You are reviewing a set of prints and associated documentation for the installation of an 800A standby generator for an assisted living facility which means no critical care systems.  Of note you see that the engineer specifies that the electrical contractor utilize the tap rule to provide 3 120v 20Acircuits from the ATS to the generator, 1 for the battery charger, one for lighting and a receptacle and one for a block heater.  There are no specifics for how or exactly where the ATS is to be tapped other than the tap goes to a safety switch to be mounted outside the enclosure where the conduit feeds to the generator.
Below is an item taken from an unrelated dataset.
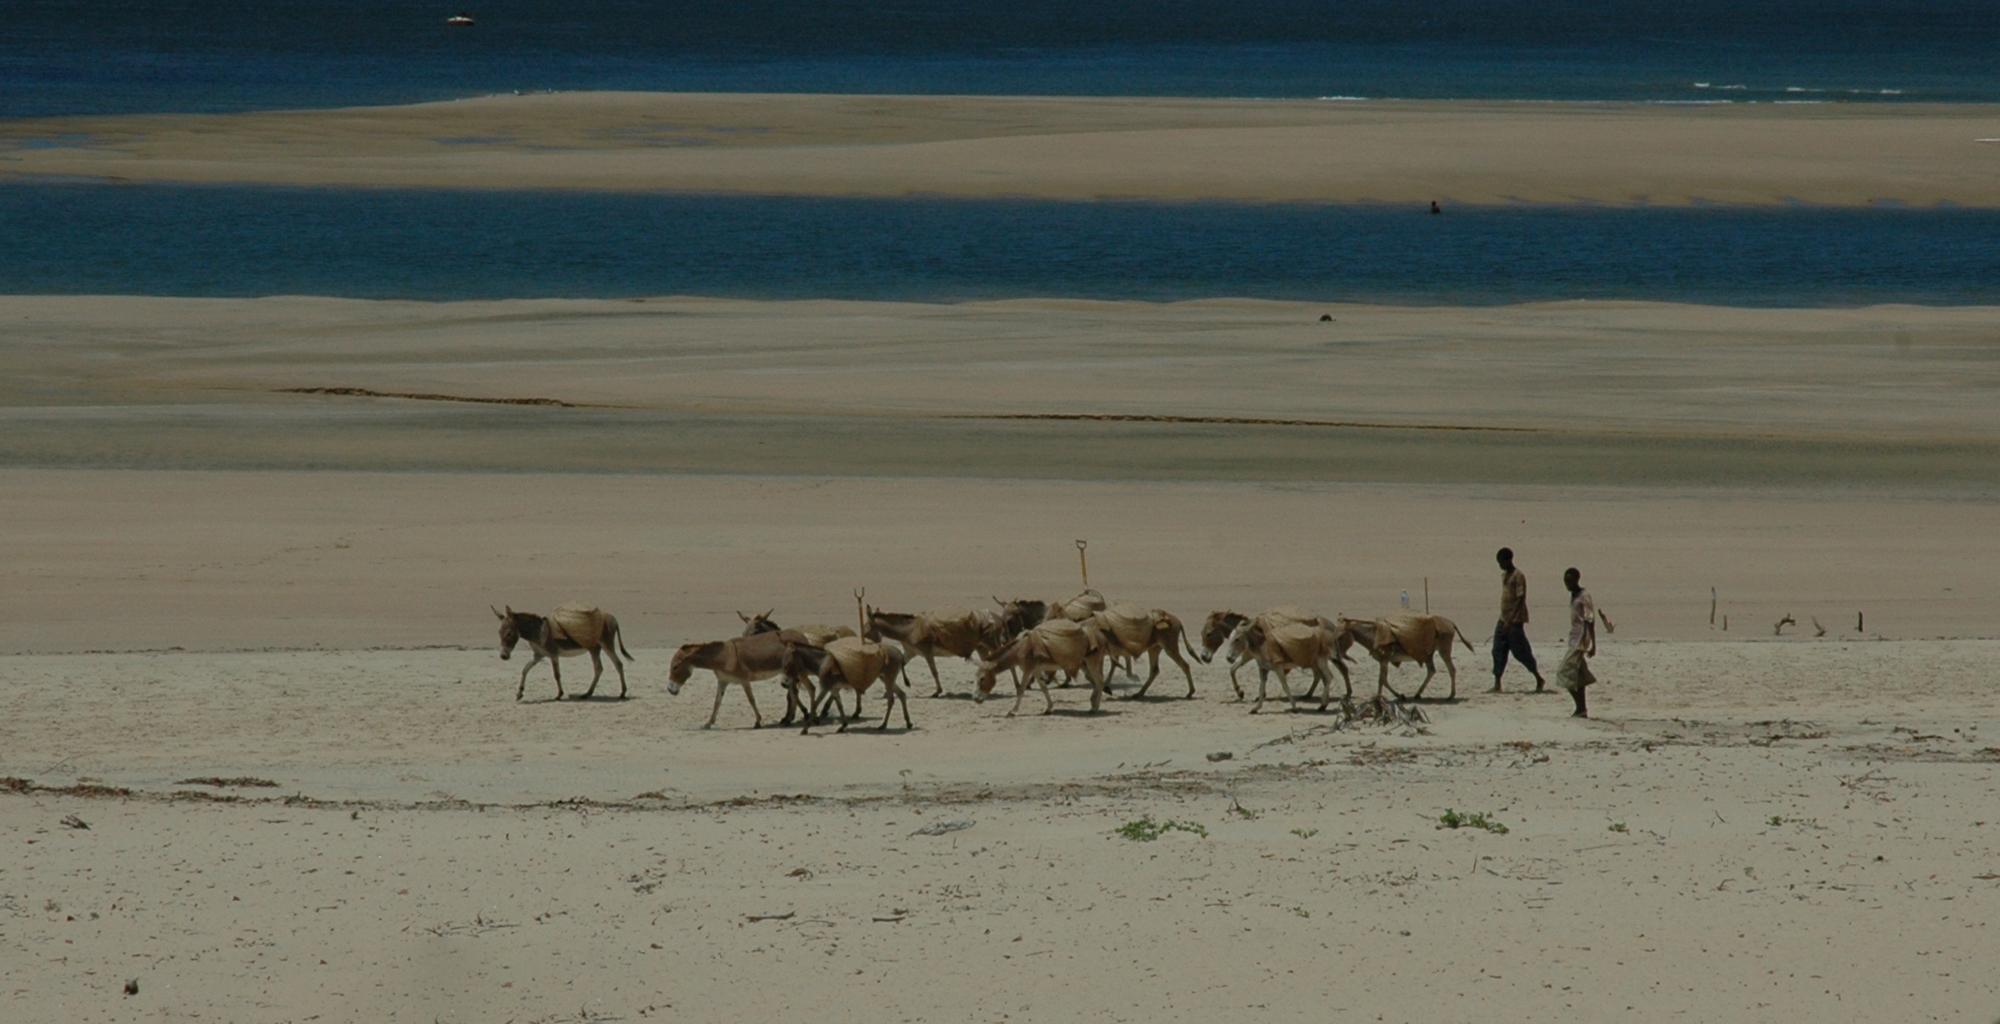 Kenya-The-Fort-Beach-Walk

Upon looking at the ATS provided documentation you don't see any integral hardware or fittings that are listed for tapping and again, no specifics from the engineer specifying changing of lugs adding P-Taps in order to complete the design.  When questioned, the engineer states that there is a note on the page directing the electrician to tap in accordance with local code requirements.

How would you handle this situation?  Are you OK with an electrician modifying a UL listed ATS  used as a service disconnect in order to to this without specs from an engineer?  Would you require that the engineer provide more detailed documentation on how to do this?

OR are you not OK with an engineer modifying a UL listed ATS without info or approval from the manufacturer?

What say thee?


----------



## steveray (Dec 3, 2018)

The engineer can't over rule the listing of an appliance/ piece of equipment......If you allow the engineer to do it, you allow the electrician to do it....


----------



## ICE (Dec 8, 2018)

They will need a field evaluation by a NRTL.  That's to modify it or to return it to the original condition.


----------



## jar546 (Dec 8, 2018)

OK, now that I steered this into the current direction, let me ask you these:

1) Is P-Tapping a conductor inside a panel a modification of a UL listed product?
2) Is changing the lugs of the main OCPD, ground or neutral bar modifying a UL listed product when the product itself has a listing of lugs for different wire sizes on the label?
3) Is mounting a safety switch/disconnect on the outside of UL listed equipment such as an ATS considered modifying it?  If so, do you hold AC condensing units to the same standard?


----------